Water loss most likely to occur more during daytime than nighttime under high temperatures. During the daytime, intensive leaf transpiration leads to water loss and reduction in water potential (Tsukaguchi et al. 2003). Since water is essential for any metabolic reaction, water deficiency causes disturbance of many physiological processes in plants. Significant water loss due to high temperatures can negatively affect both growth and biomass production (Simões-Araújo et al. 2003).
2.2.2 Osmotic Adjustment
Different plant species may accumulate certain organic compounds, which are generally known as compatible osmolytes (Sakamoto and Murata 2002). Some examples of the compatible osmolytes are sugars, sugar alcohols (polyols), proline, tertiary and quaternary ammonium compounds, and tertiary sulfonium compounds (Sairam and Tyagi 2004). It is thought that the accumulation of such compounds may be associated with enhanced stress tolerance in plants. For example, glycinebetaine (GB), an amphoteric quaternary amine, acts as a compatible solute in some plant species under heat stress. It has been suggested that GB synthesis may protect cellular redox potential under heat stress (Li et al. 2011). Maize plants (Quan et al. 2004) and sugar cane (Wahid and Close 2007) are able to accumulate high levels of GB due to water deficiency or high temperature while rice or mustard naturally don’t produce GB. Nowadays, genetic engineering approaches have provided researchers with a tool to introduce GB-biosynthetic pathway into GB-deficit strains. Heat tolerance in plants can be improved through use of these tools, through enhancing the production of such compatible osmolyte (Li et al. 2011; Quan et al. 2004).
2.2.3 Cellular Membranes
Cellular membranes play an important role in both photosynthesis and transpiration processes. High temperatures increase the membrane fluidity through either denaturation of proteins or through intensifying unsaturated fatty acids (Savchenko et al. 2002). Heat stress alters the tertiary and quaternary structures of the proteins within the membranes, enhancing their membrane permeability. Increased electrolyte leakage through membranes indicates a reduction in cell membrane thermostability (CMT) (Wahid et al. 2007). Different factors can affect solute leakage, including type of organ, degree of hardening, developmental stage, plant age, growing season, and plant species (Karim et al. 1997, 1999). It has been shown that adverse effects of heat stress are more severe on the mature leaves than the developing ones due to an enhanced number of unsaturated fatty acids (Karim et al. 1997, 1999). It has been suggested that alteration in membrane fluidity triggered by low or high temperatures influences temperature perception and gene expression (Saidi et al. 2009, 2010).
2.2.4 Photosynthesis
One of the most heat-sensitive physiological processes in green plants is photosynthesis (Crafts-Brandner and Salvucci 2002). Although there is a positive correlation between temperature changes and photosynthesis in the normal growing range of plants (15–45 °C), high temperatures disrupt the functionality of photosynthetic enzymes (Larkindale et al. 2008). The impact of high temperature on photosynthetic functionality is more enhanced in the C3 plants than in C4 plants. Any injuries on the photosynthetic apparatus that are inflicted by heat stress directly restrict plant growth. High temperatures affect photosynthetic capacity through disruption of enzyme activity in the electron transport chain, carbon metabolism, and oxygen-evolving complex (OEC) of PSII (Salvucci and Crafts-Brandner 2004). The photochemical reactions in thylakoid lamellae and carbon metabolism in the stroma of chloroplast are the most sensitive sites to injury under high temperatures (Wise et al. 2004). An increase in temperature can induce phase change in lipids incorporated in the thylakoid structure, which can eventually lead to lipid separation (Krumova et al. 2008).

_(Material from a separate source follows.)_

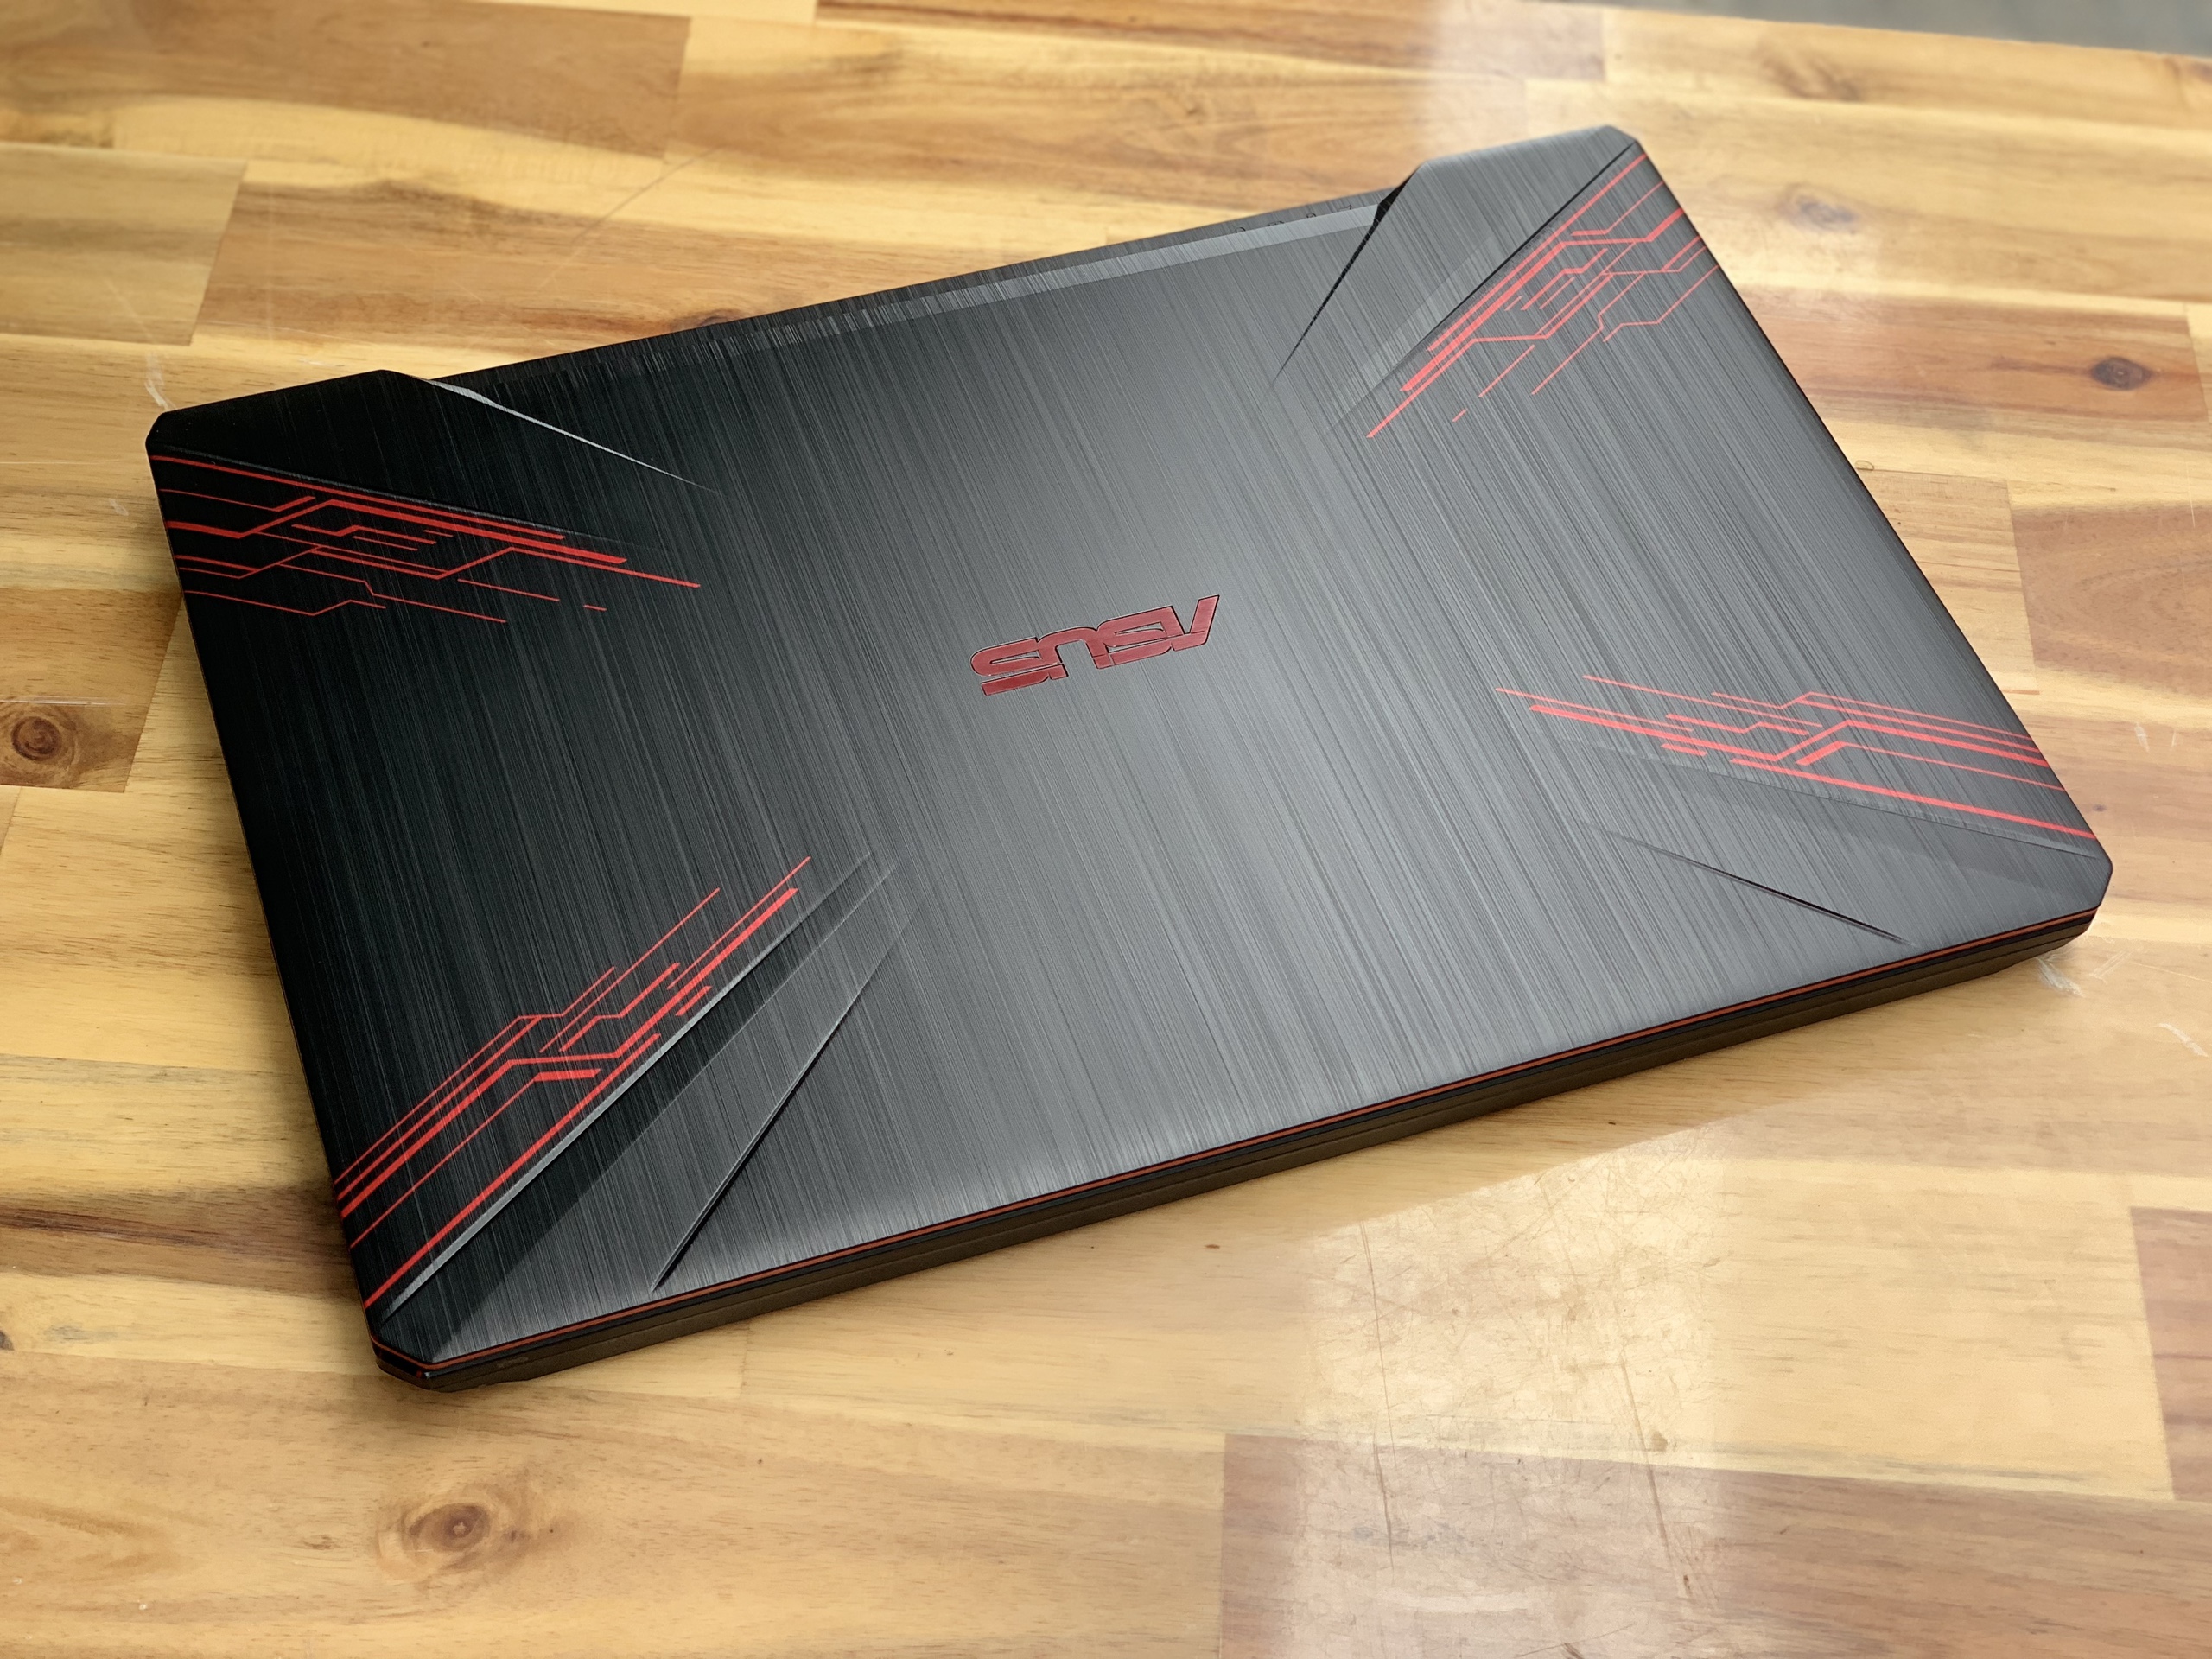 Laptop Asus TUF FX504GE, i7 8750H 8G SSD128/1THDD GTX1050Ti Full HD Còn BH 10/2020 Giá rẻ1
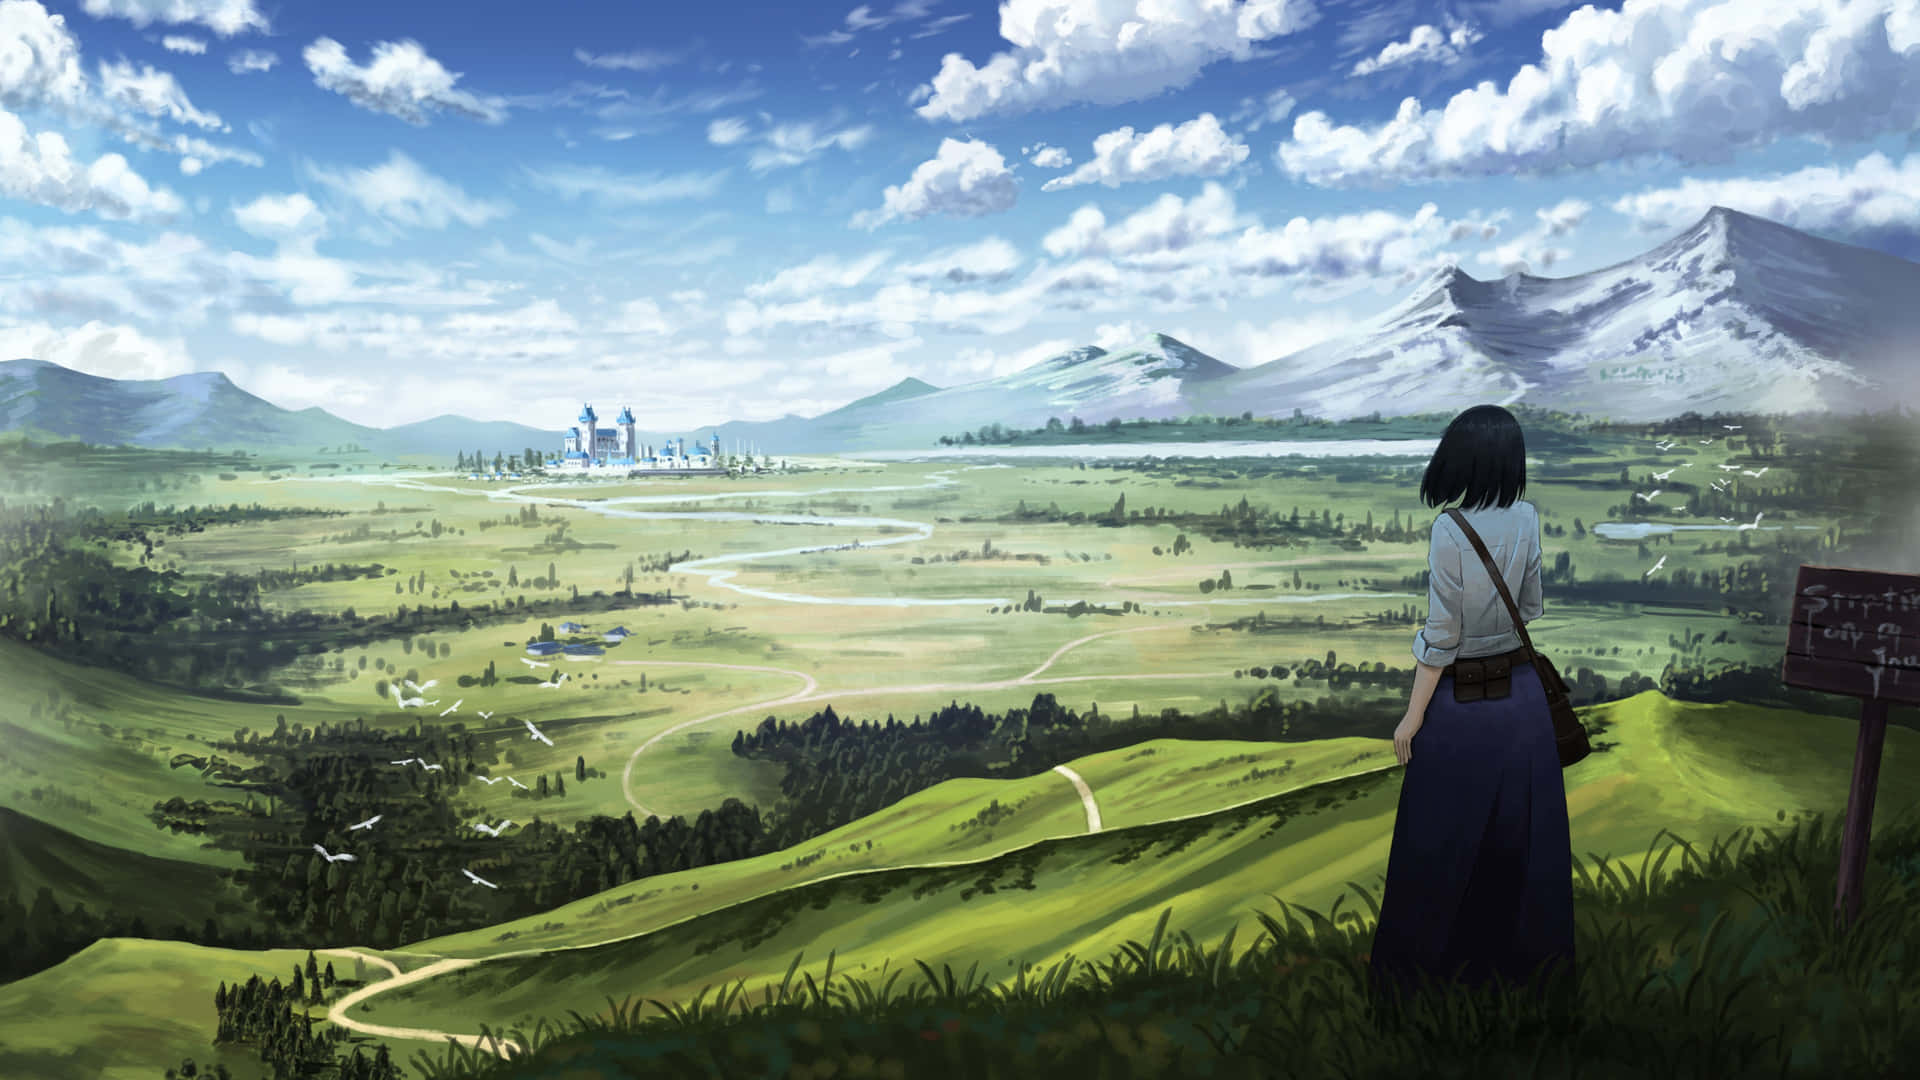 Einfaszinierendes Anime-bild In 4k Von Einem Futuristischen Stadtbild.

Photosystem II (PSII), which is located in the thylakoid lamellae, is particularly sensitive to high temperatures; this causes its activity to be significantly decreased or even partially stopped. This is mainly due to the properties of the PSII location on the thylakoid membranes (Camejo et al. 2005). The damage to PSII is usually irreversible and it can cause a disassociation of the OEC (Sharkey and Zhang 2010). OEC is a water-oxidizing enzyme, and its dysfunctionality under heat stress causes an imbalance between an electron donor from OEC toward an electron acceptor of PSII. On the other hand, PSI stromal enzymes are thermostable in which PSI can drive cyclic electron pathway and associate with the thylakoid proton gradient (De Ronde et al. 2004).
The effect of heat stress on photosynthesis is also exhibited through a decline in soluble proteins, RuBisCO binding proteins (RBP), large subunits (LS), and small subunits (SS) of RuBisCO in darkness, and enhancement of them in light (Demirevska-Kepova et al. 2005). As temperature increases, photosynthesis declines due to increases in photorespiration that are faster than the subsequent increases in photosynthesis. The low affinity of RuBisCO, and its dual nature as an oxygenase and a carboxylase, is the main reason that limits the enhancement of net photosynthesis at higher temperatures. RuBisCO deactivation is the primary constraint for photosynthesis since it occurs at temperatures well below those that damage PSII (Salvucci and Crafts-Brandner 2004; Sharkey and Zhang 2010).
Another consequence of heat stress is degradation of chlorophyll a and b, which tends to be more significant in the mature leaves compared to the developing one (Karim et al. 1999). Such effects on chlorophyll may be associated with the production of active oxygen species (Camejo et al. 2005). Altered structural organization of thylakoids, grana swelling, and loss of grana stacking are among major alterations that occur in chloroplasts under heat stress (Djanaguiraman et al. 2010; Marchand et al. 2005). High temperatures also decrease the amount of photosynthetic pigments as a result of the lipid peroxidation of both chloroplast and thylakoid membranes (Djanaguiraman et al. 2010; Marchand et al. 2005).
Furthermore, high temperatures can greatly impact starch and sucrose synthesis by reducing the activity of sucrose phosphate synthase, ADP glucose pyrophosphorylase, and invertase (Chaitanya et al. 2001; Vu et al. 2001).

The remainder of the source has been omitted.